Эти летом наблюдал еще такую картину.При съезде с автобана в городе Лилль(Франция)на первом же светофоре бегает цыганка среди машин,с протянутой рукой- это ж как надо нашу профессию опустить !У нас на светофорах ( в Москве,типа "афганцы" безногие ездят на колясках) Ну ,а на газоне игрец с аккордеоном стоит.Народ на Западе любит пиво-кофе на открытых верандах попить,столики часто около ресторана на улице стоят,на тротуаре.Здесь как мухи на мед,словно из под земли вырастают те же румыно-цыгане - эти покруче будут.Знают 2-3 песни.Пока пару бокалов пропустишь два состава сменится ! Вот такие сейчас музыканты.В Роттердам в те годы изредка наведывались наши ребята,хорошие крепкие музыканты из России,Украины и Белоруссии,но так на денек-все как то жили в других местах.Из "местных" я был один. Город специфический.Наскоком здесь ничего не получить было.Я на свой максимум,а это 5000 гульденов в месяц вышел только года через три.Это очень приличные деньги даже для среднего голландца.Пособие по безработице в то время было 1100 для одного и 1800 для семейной пары без детей.В евро переводить не берусь,сейчас и цены на все поменялись и зарплаты-доходы другие,но явно больше 2000 евро это точно.Но это не только улица.Это ресторан ,семинары и игра на всяких презентациях,вечеринках,свадьбах,частные уроки.Потихоньку обрастал знакомыми и связями.И,конечно здорово помог репортаж по местному ТВ об уличных музыкантах,куда я как то нечаянно угодил и потом статья в местной газете.Заказов много было после этого.Повторяю - все это складывалось годами!

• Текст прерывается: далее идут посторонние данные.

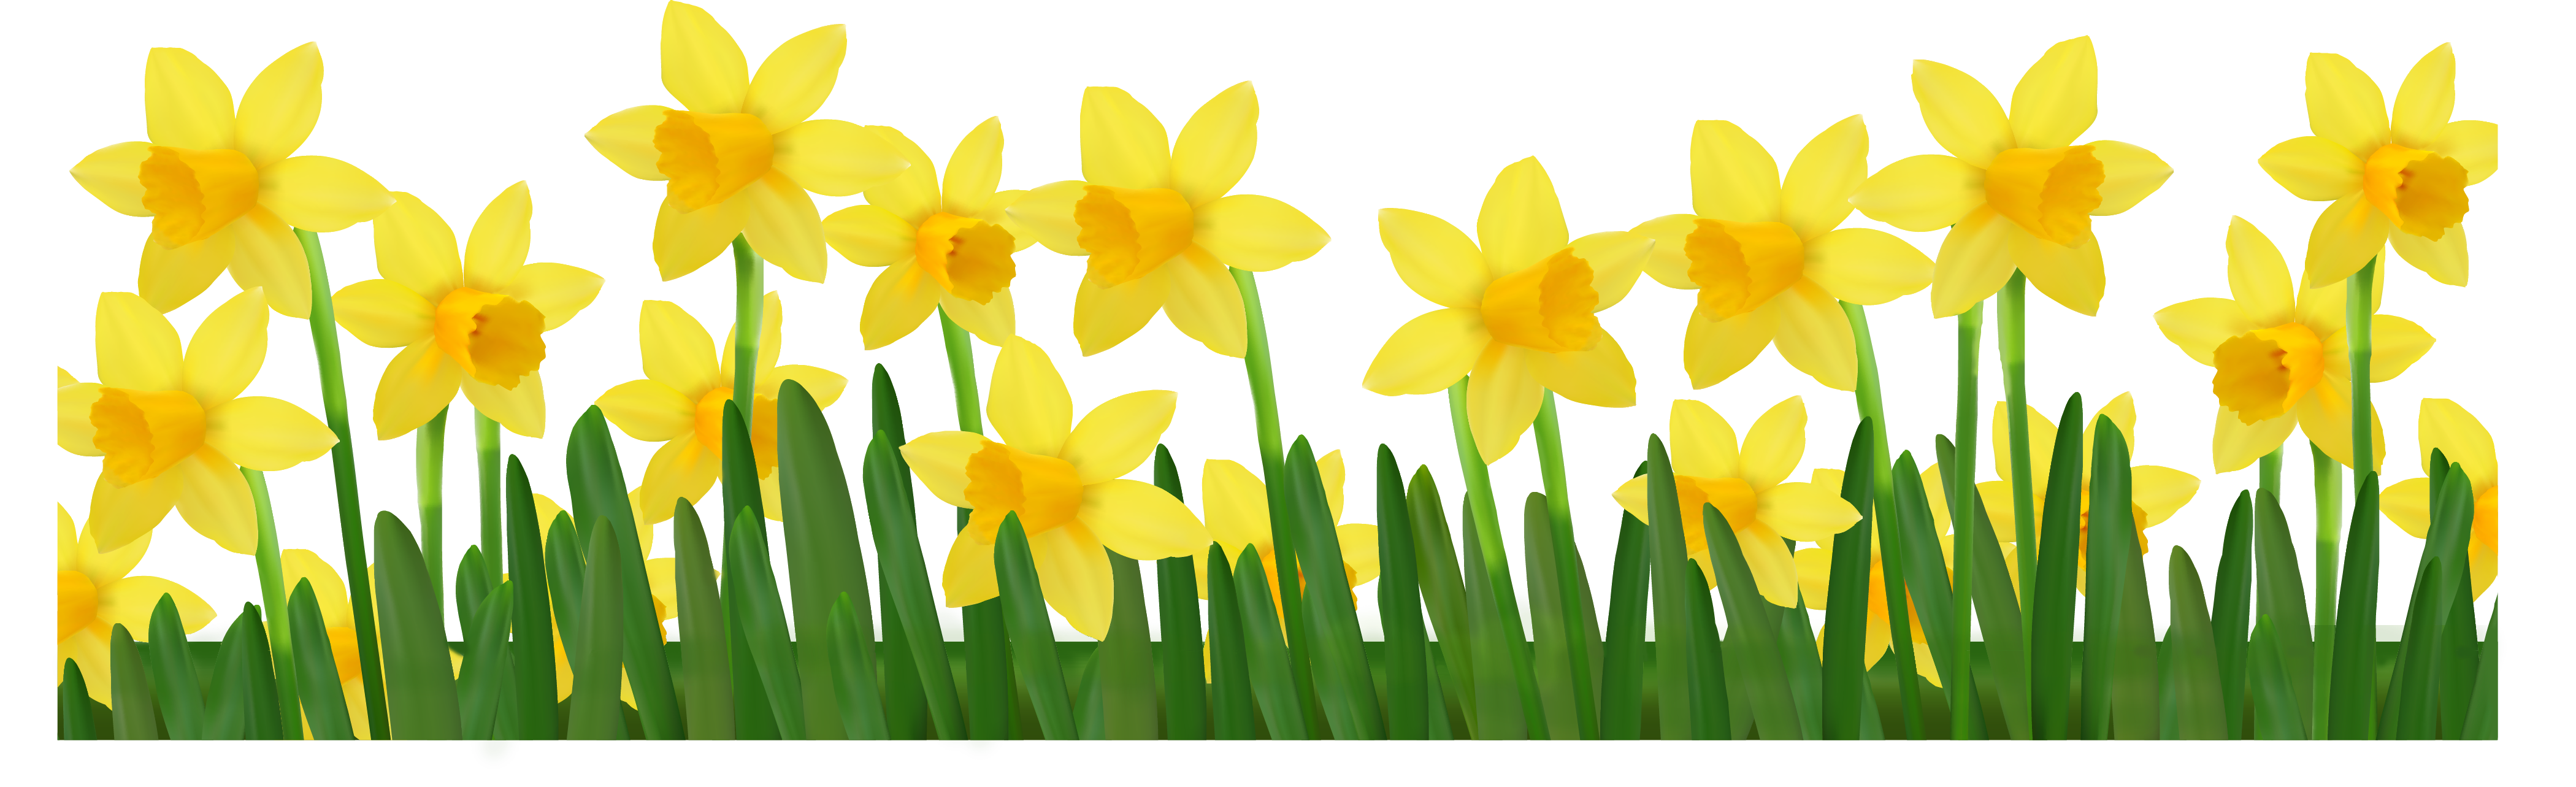 Free Printable Pictures Of Daffodils - Free Templates Printable

И не стоит забывать,что за визу и страховку надо заплатить,за билеты туда-сюда тоже,за попить-поесть и за пожить -все стоит денег.Прикиньте свои реальные возможности. Будет ли там плюс то, вообще, на выходе ? Да и виза максимум на 90 дней-это очень мало.Только раскрутка пошла,а надо уезжать.


----------



## internetbayan (9 Дек 2012)

Полностью подтверждаю и соглашаюсь с Игорем!Улица теперь может быть как дополнение к основному заработку(концерты и тд),а связи там преобретаются годами,и уровень должен быть оёёй,сейчас большая конкуренция!Да и немцам работать выгодней с евросоюзом-ни виз,да и гарантия есть,что приедут!Мы один раз из-за визы подвели одну кантору и больше они с нами не работали,а посольство при отказе ни чего путного не ответили!Так что,ищите здесь работу,улица-это пройденный этап!!


----------



## Новиков Игорь (9 Дек 2012)

Сейчас,гуляя по Роттердаму,а его я посещаю довольно регулярно - один -два раза в год,ностальгия,блин! Думаю,а при сегодняшнем раскладе,получилось бы ,что-нибудь? Думается ,что нет. Роттердам и раньше не отличался белолицым населением.Ну ,а теперь -это просто зашкаливает! Все дедушки-старушки ушли в вечность.(а это был основной интересующийся контингент) А на смену - сплошная чернота- негры,арабы,турки.Вы думаете им баян-аккордеон интересно послушать ? Но справедливости ради,негры охотно платили за Колыбельную из Порги и Бес (Гершвин),ну и почему то за Гот фазе,то бишь ,по нашему-мелодия из фильма"Крестный отец"А турки,коих в Германии и в Голландии множество ,не платили никогда !


----------



## zet10 (9 Дек 2012)

Новиков Игорь писал:


> Думаю,а при сегодняшнем раскладе,получилось бы ,что-нибудь? Думается ,что нет. Роттердам и раньше не отличался белолицым населением.Ну ,а теперь -это просто зашкаливает! Все дедушки-старушки ушли в вечность.(а это был основной интересующийся контингент) А на смену - сплошная чернота- негры,арабы,турки.Вы думаете им баян-аккордеон интересно послушать ?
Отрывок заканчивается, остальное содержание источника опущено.